**Problem statement:** All of the data that follows should be given again exactly, without its images.

##### Data #####

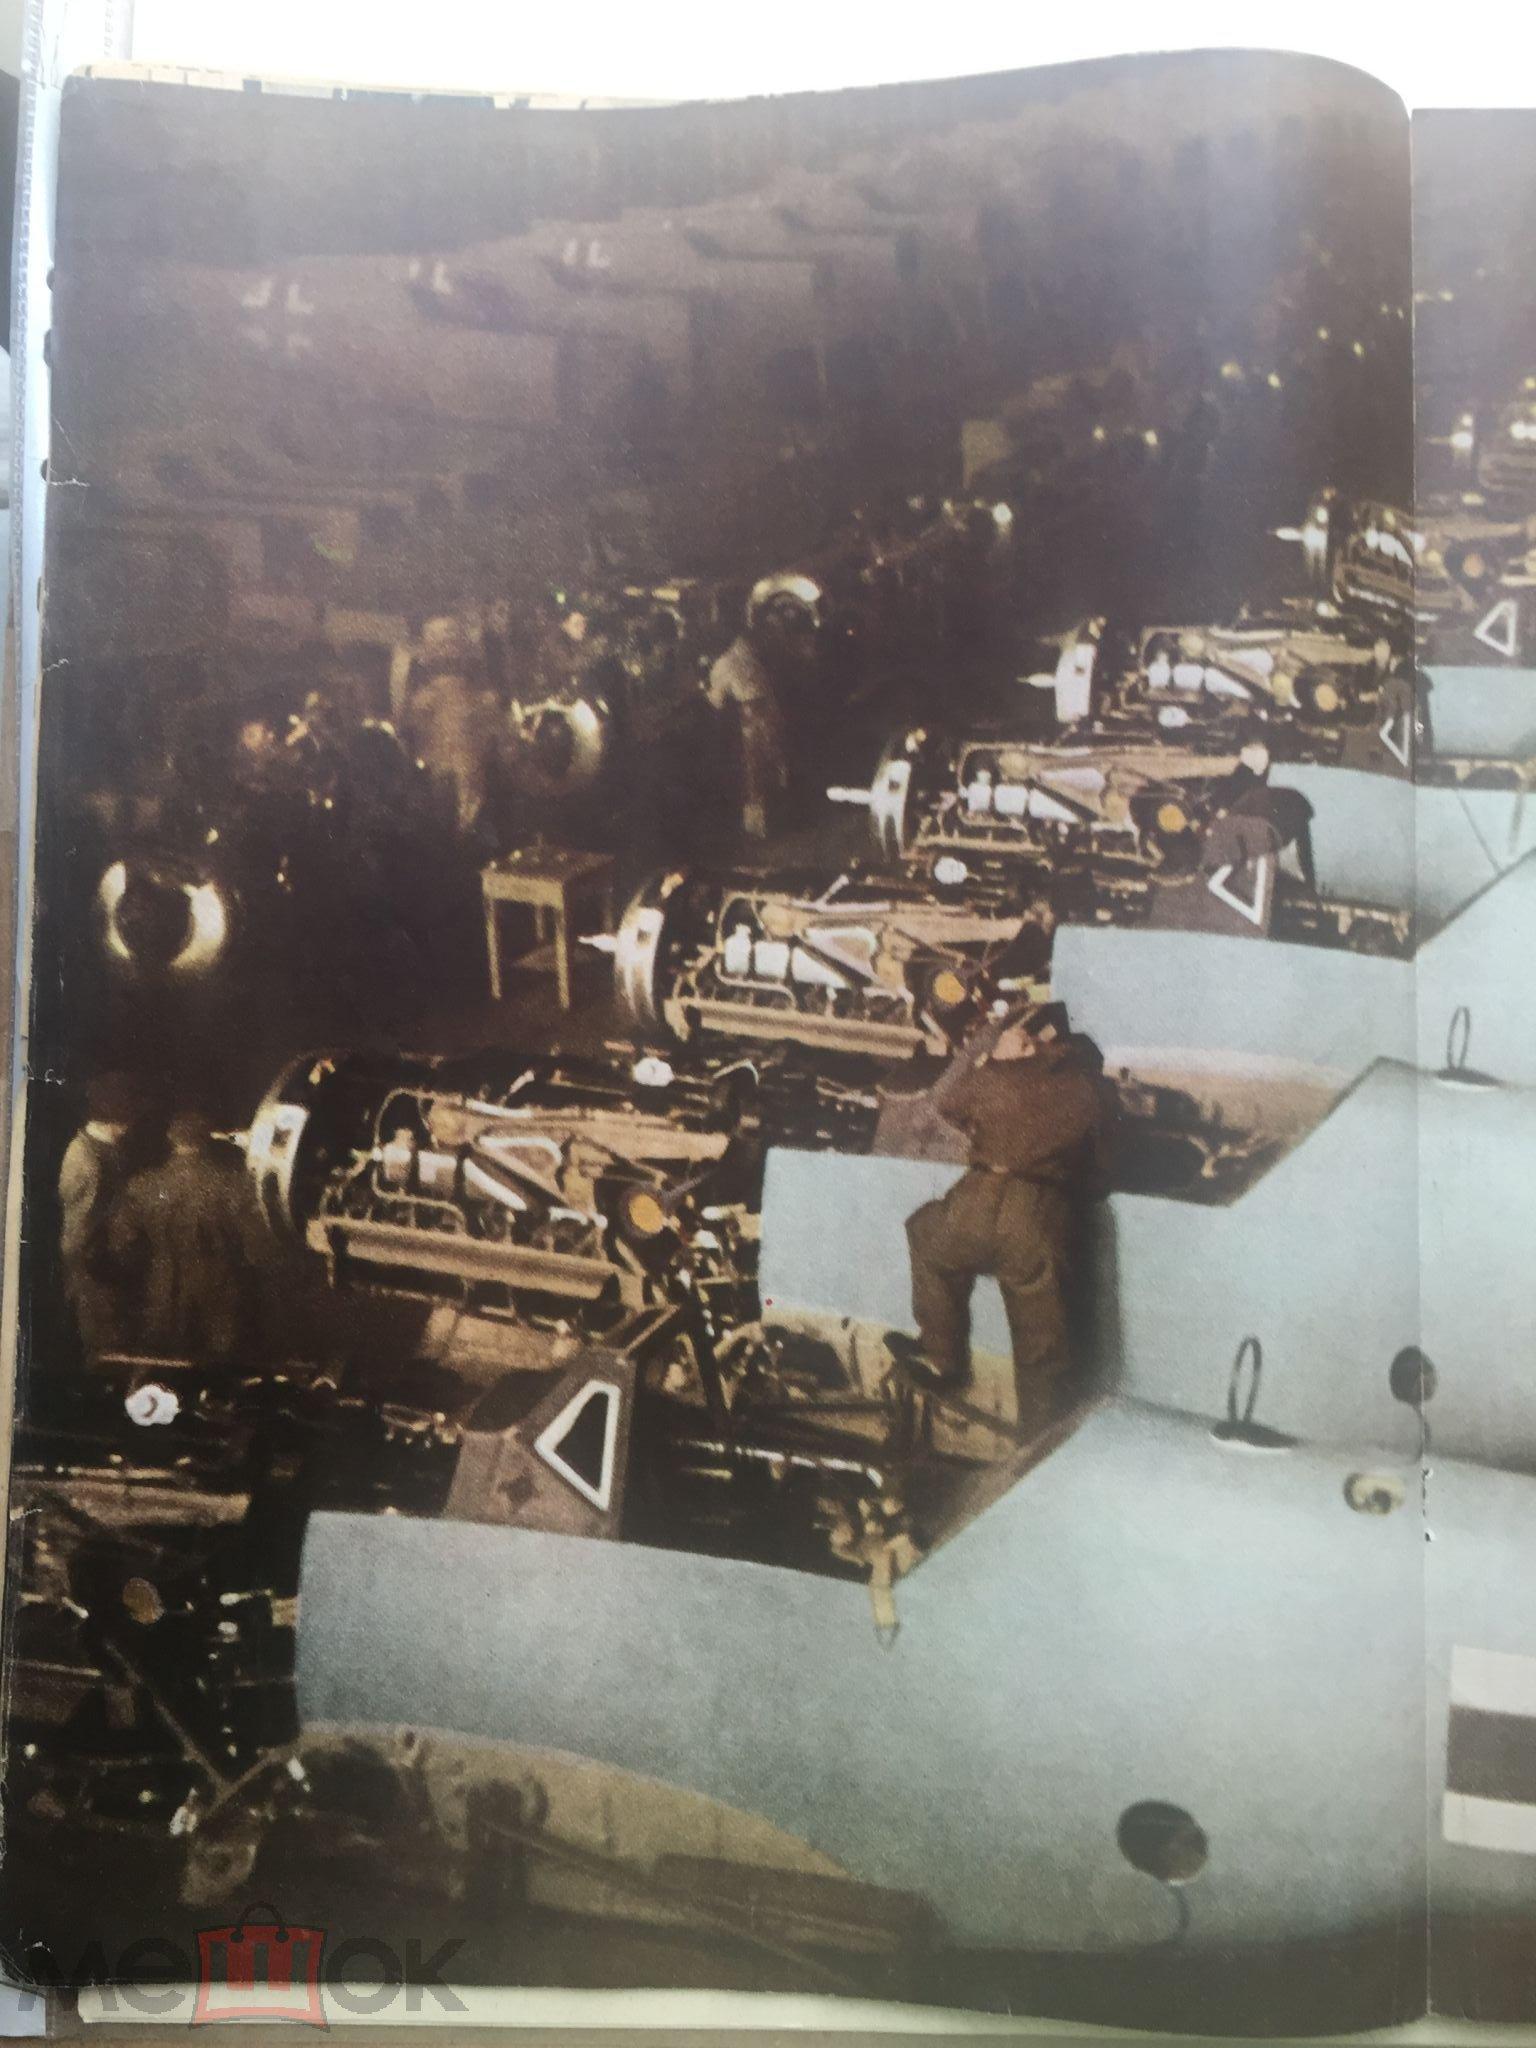 Сигнал номер 3 1944 (итал) Теодорини Корнелиу,  Kptw. IX-X танки и прочие вундервафли WWII
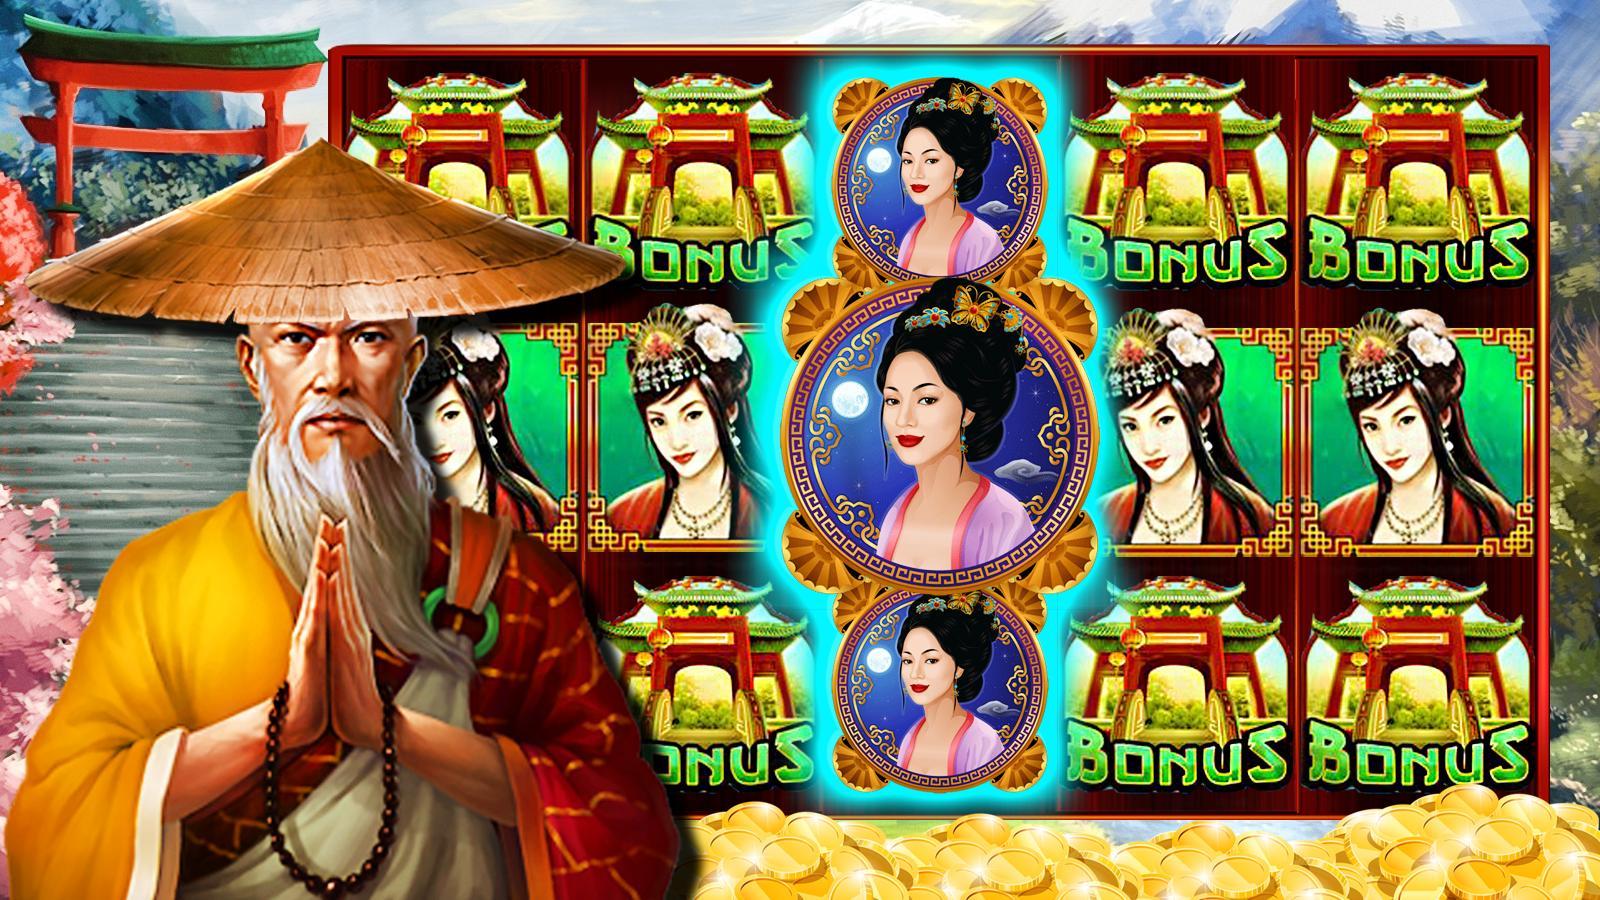 Slot Bonuses Images
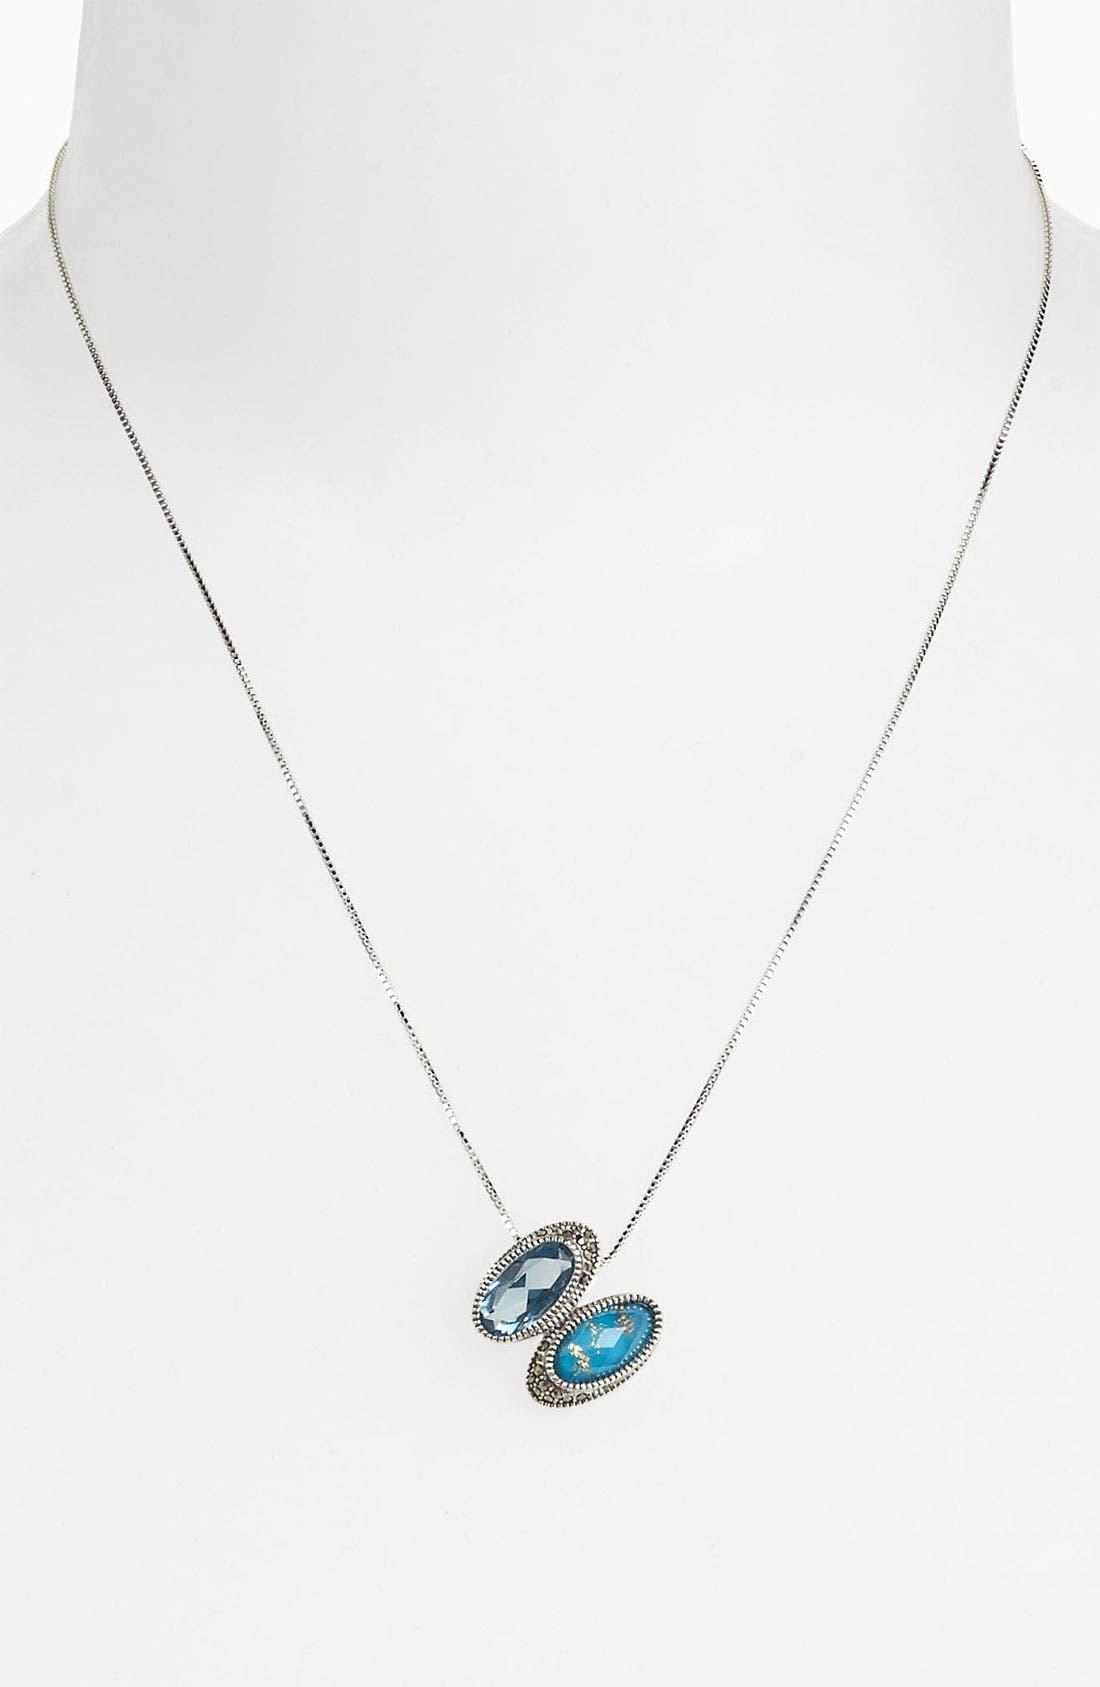 Alternate Image 1 Selected - Judith Jack Pendant Necklace

#####

**Response:**
 Сигнал номер 3 1944 (итал) Теодорини Корнелиу,  Kptw. IX-X танки и прочие вундервафли WWII
 Slot Bonuses Images
 Alternate Image 1 Selected - Judith Jack Pendant Necklace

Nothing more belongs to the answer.